Spalding MFA Faculty, Fiction


circa late 1970s


The first time I ever saw or heard of her was on The Dick Cavett Show in the latter half of the 1970s. I was still living in Central Florida at the time, still living, in fact, with my parents. If you had said the word “intellectual” to me then I would have immediately conjured the image of a boring, old, straight, white man. But then suddenly there she was, Susan Sontag. Yes, she was beautiful, and she also had style—by which I don’t mean fashion but a sense of self; she was exciting to look at and to listen to, not only the way she spoke but also her ideas.


circa late 1970s


I went to the bookstore, bought and read Against Interpretation and Styles of Radical Will. They were among only a handful of books I carried with me at first when I moved from Florida to Boston. Over the ensuing years I read everything that Sontag published, and I also saw her read from her work, and speak, many times; I even met her once.

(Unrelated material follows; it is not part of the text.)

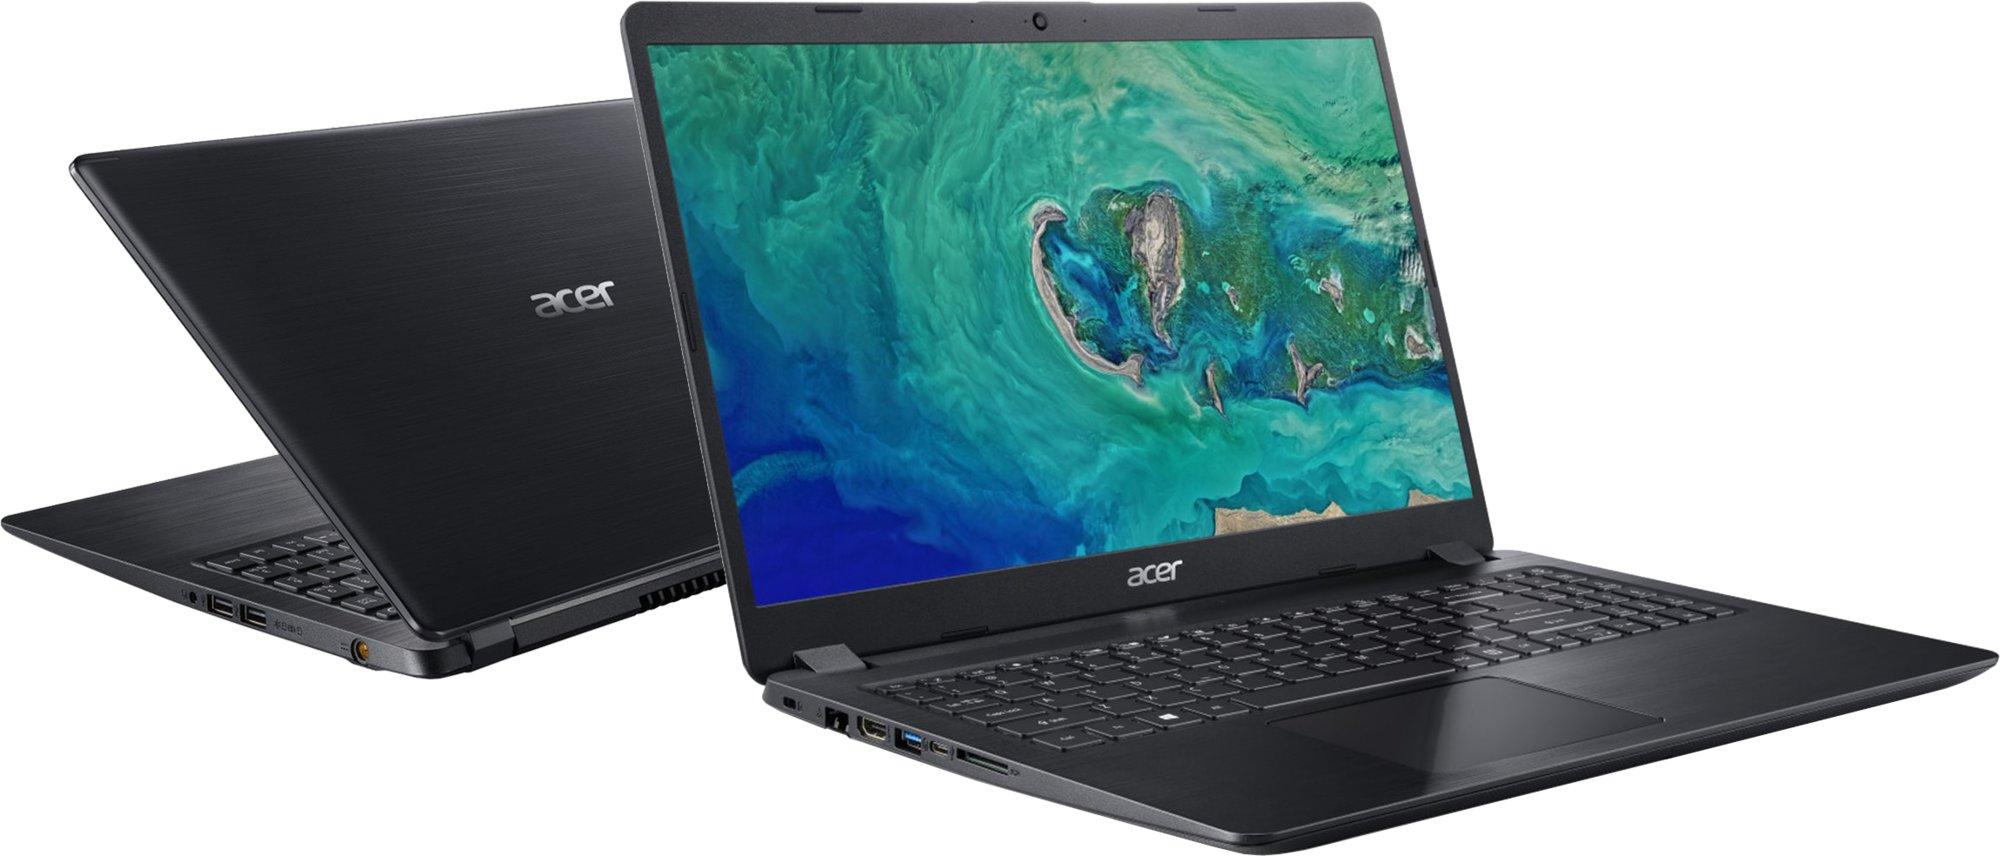 Acer Aspire 5 A515-52G-75AF
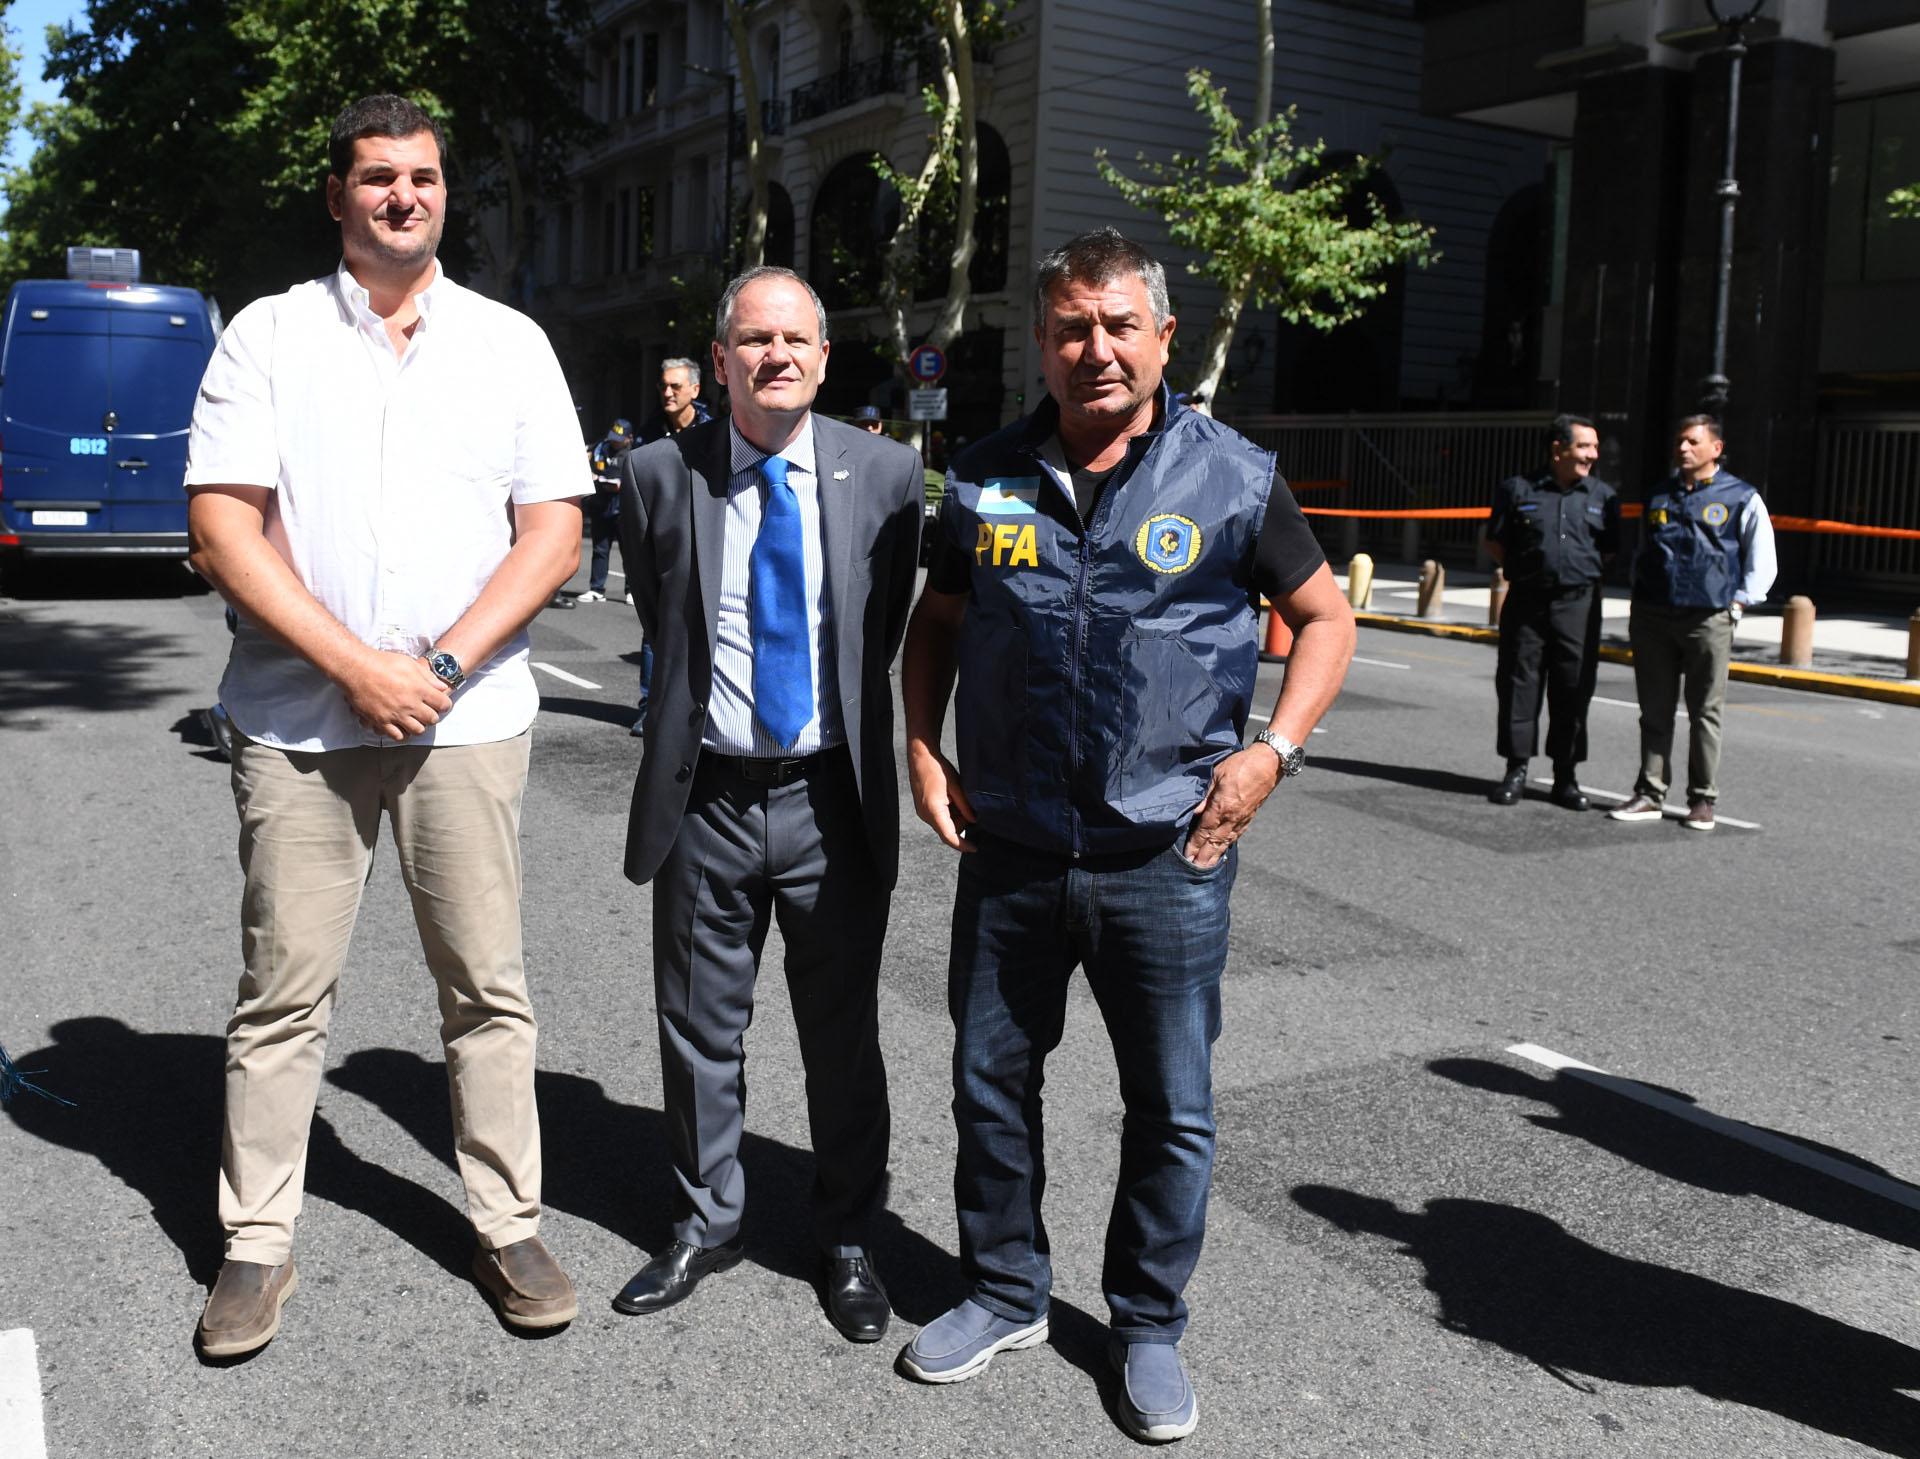 El secretario Eugenio Burzaco, el embajador Ilan Sztulman y el jefe de la Policía FederalNéstor Roncaglia monitorearon el simulacro

In her book Sempre Susan, Sigrid Nuñez, who knew Sontag, writes, “Her influence on how I think and write has been profound…. She was a natural mentor…you could not… spend any significant time with her and avoid being mentored…. I cannot recall a single book she recommended that I was not glad to have read.”

Though I did not know Sontag, I would say that this was also true for me, and I have heard that it was true for many other writers as well. It was because of Sontag, after all, that I first learned about Simone Weil, Jean Genet, Nathalie Sarraute, Robert Bresson, Roland Barthes, John Berger, Glenway Westcott, Anne Carson, Leonid Tsypkin, W. G. Sebald, and so many others. She almost always made me stretch.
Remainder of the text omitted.